* _Task goal_
Among the entries below, take the line with "清邁的博桑傘村距離清邁市區約" and the line with "マッドロックロゴTシャツ/コットン/ネイビー", and output them and every line between them exactly, with nothing else.

═══ Entries supplied ═══

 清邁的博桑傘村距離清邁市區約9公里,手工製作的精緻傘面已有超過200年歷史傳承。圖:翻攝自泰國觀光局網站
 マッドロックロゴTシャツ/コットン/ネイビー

═══
═══ Entries supplied ═══

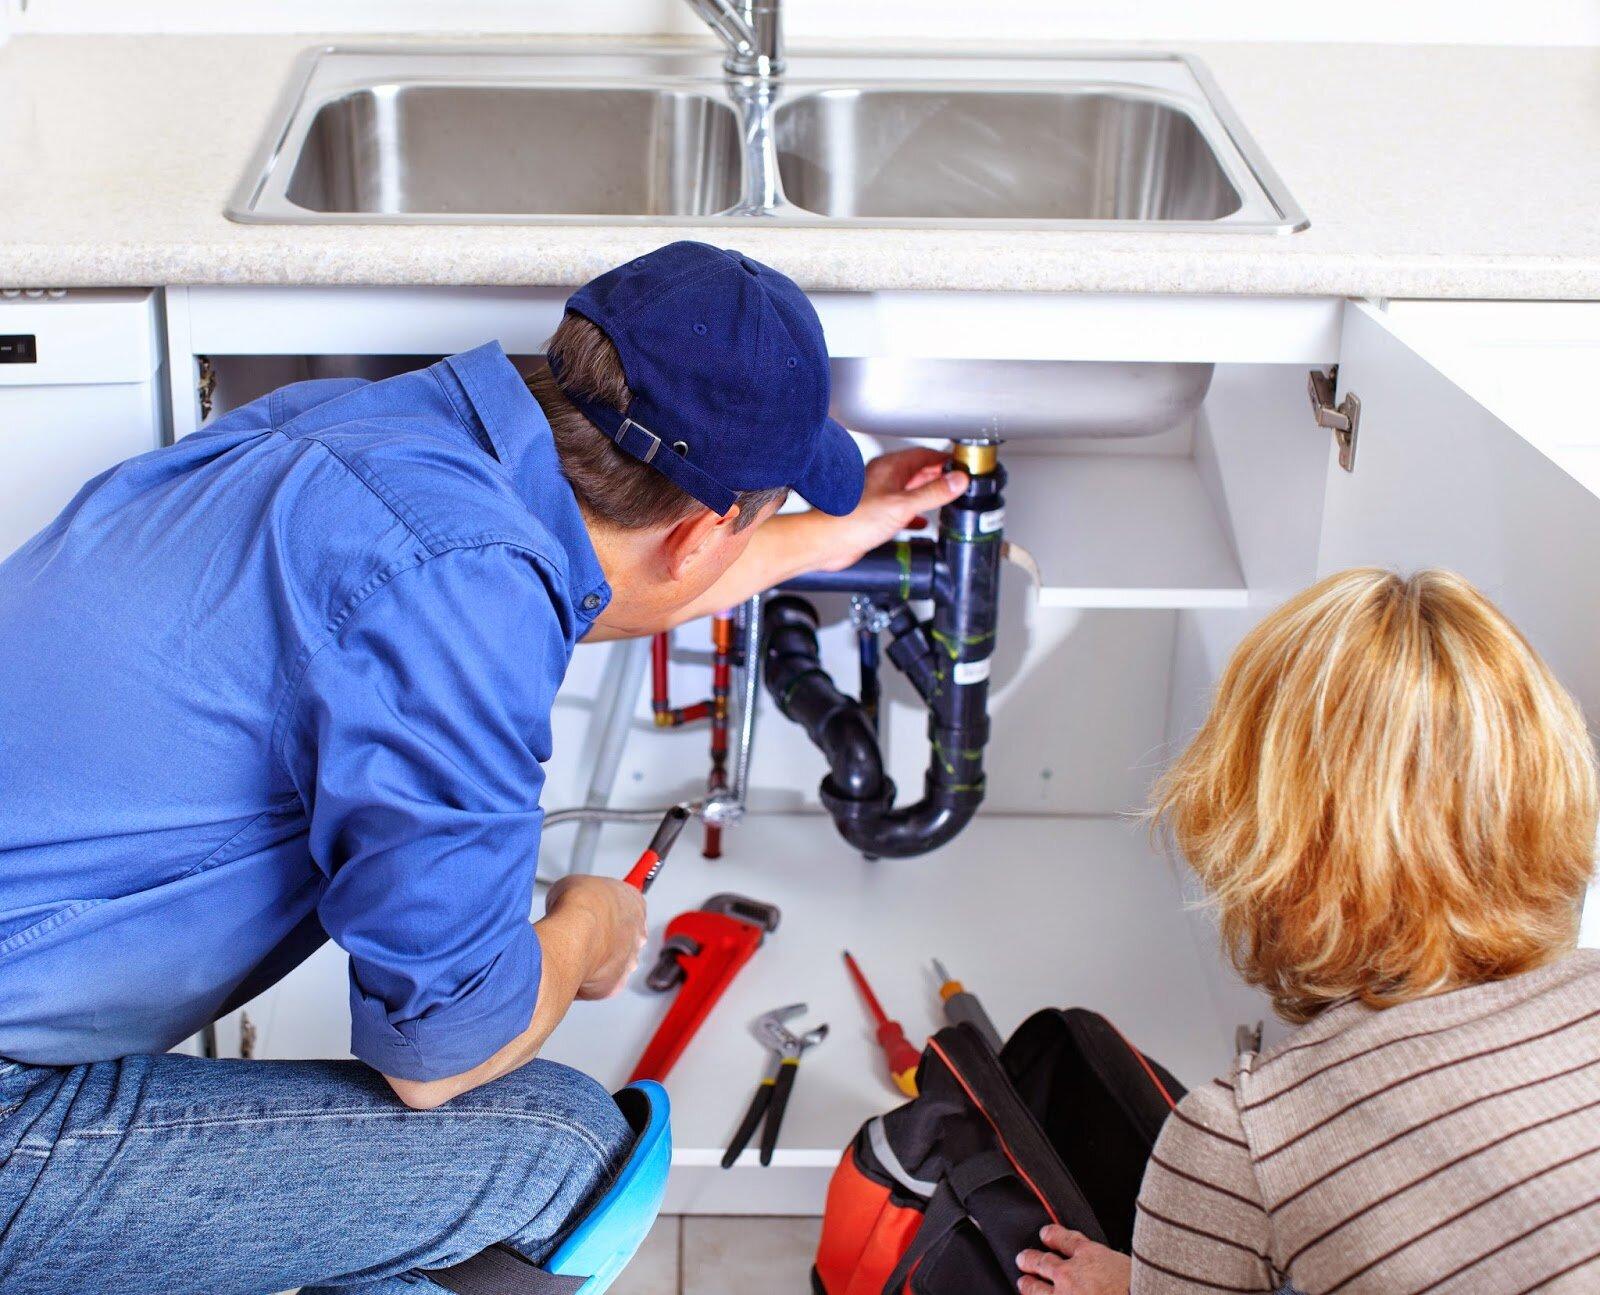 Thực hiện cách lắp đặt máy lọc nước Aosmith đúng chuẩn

═══
═══ Entries supplied ═══

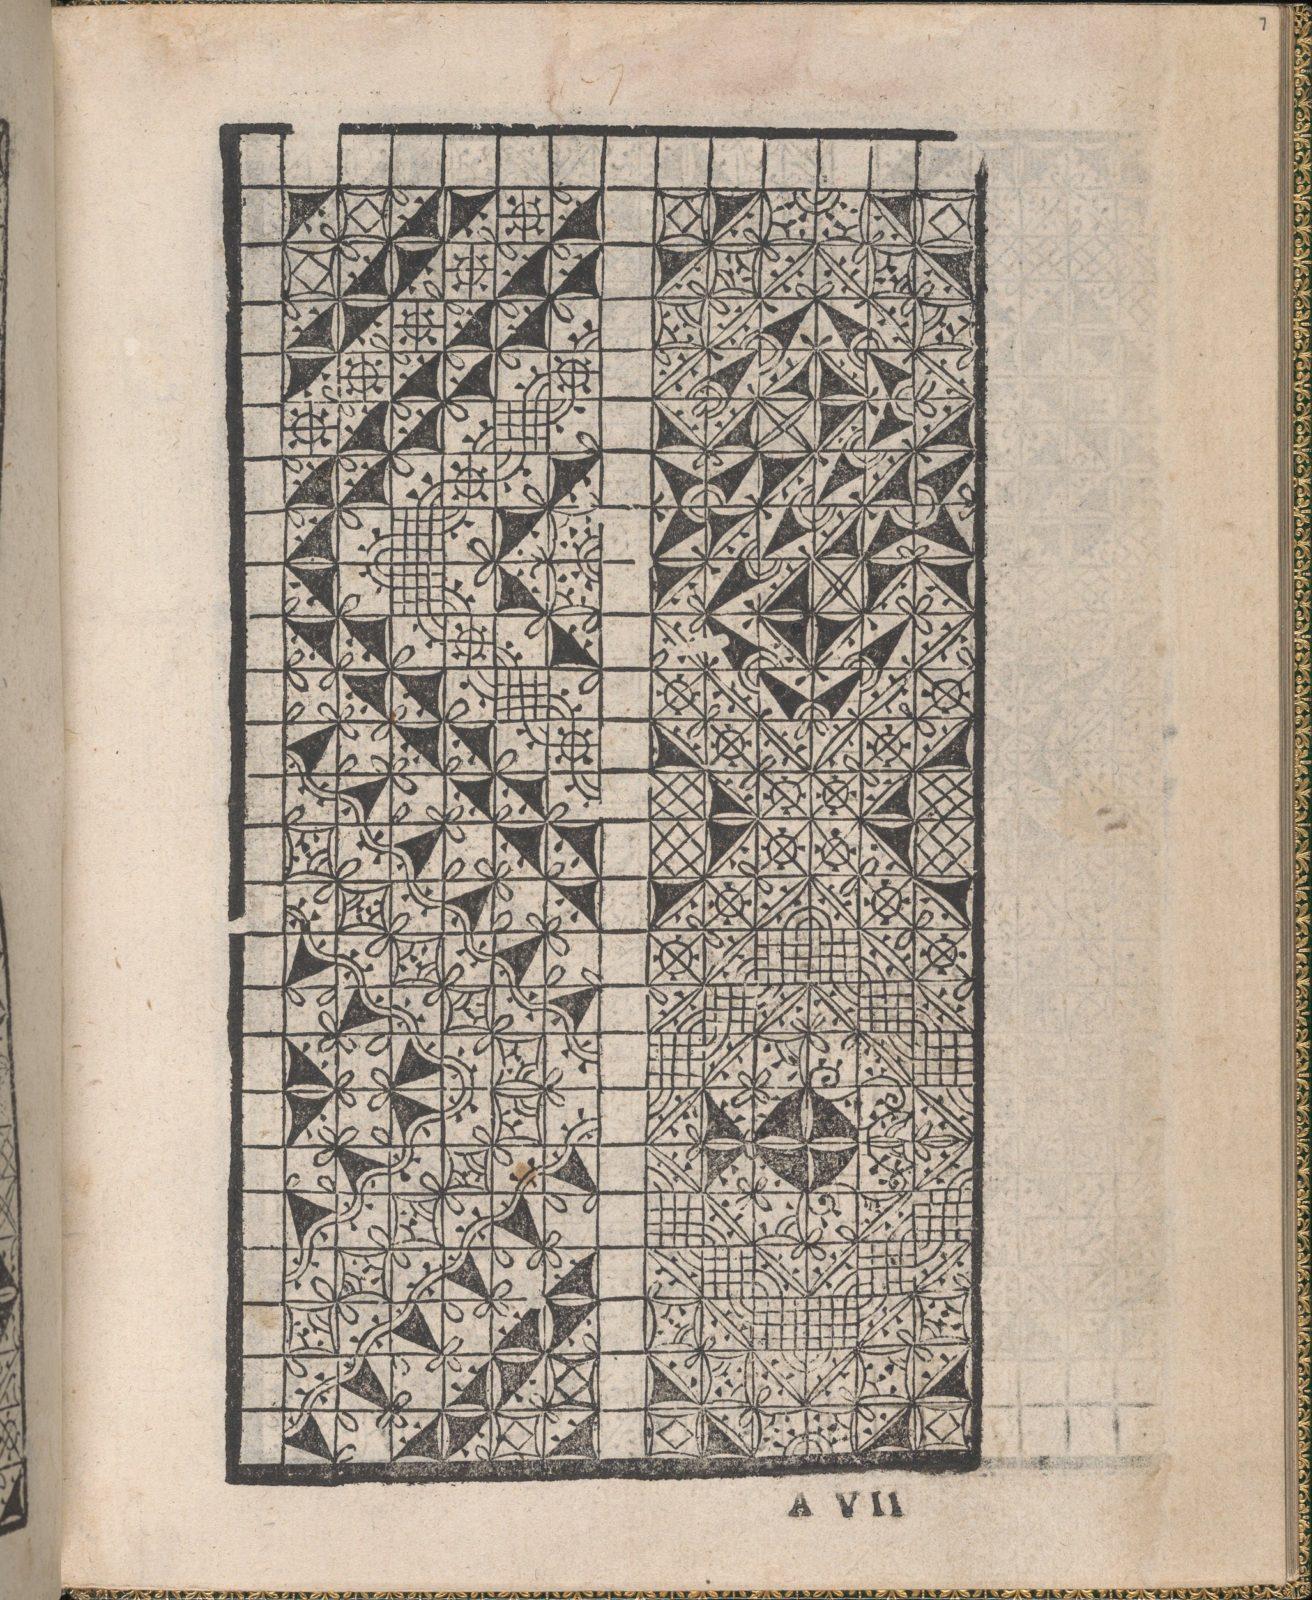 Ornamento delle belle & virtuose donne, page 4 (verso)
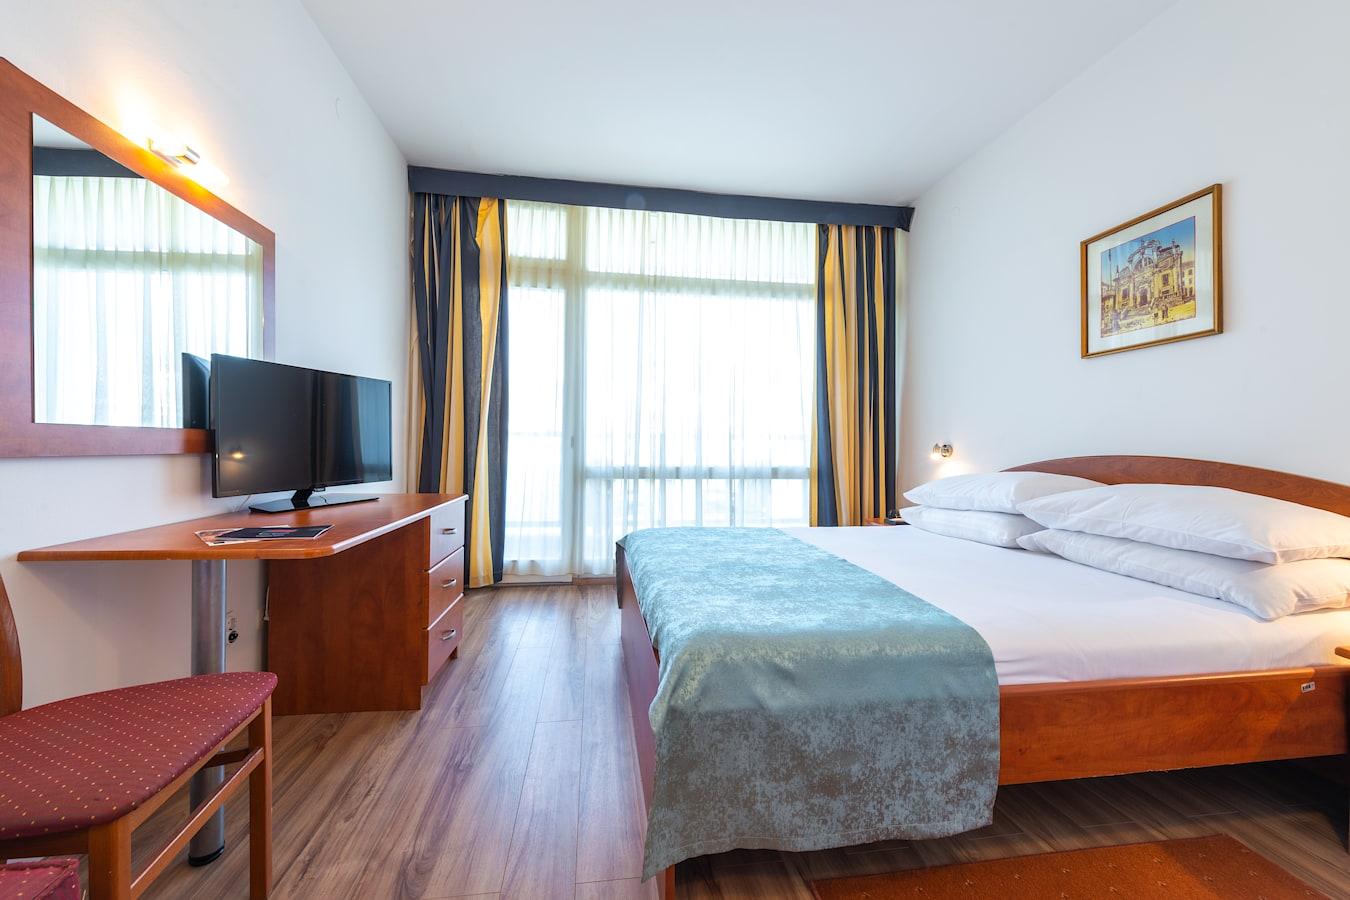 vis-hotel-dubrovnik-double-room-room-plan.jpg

═══

* _Completed task_
 清邁的博桑傘村距離清邁市區約9公里,手工製作的精緻傘面已有超過200年歷史傳承。圖:翻攝自泰國觀光局網站
 マッドロックロゴTシャツ/コットン/ネイビー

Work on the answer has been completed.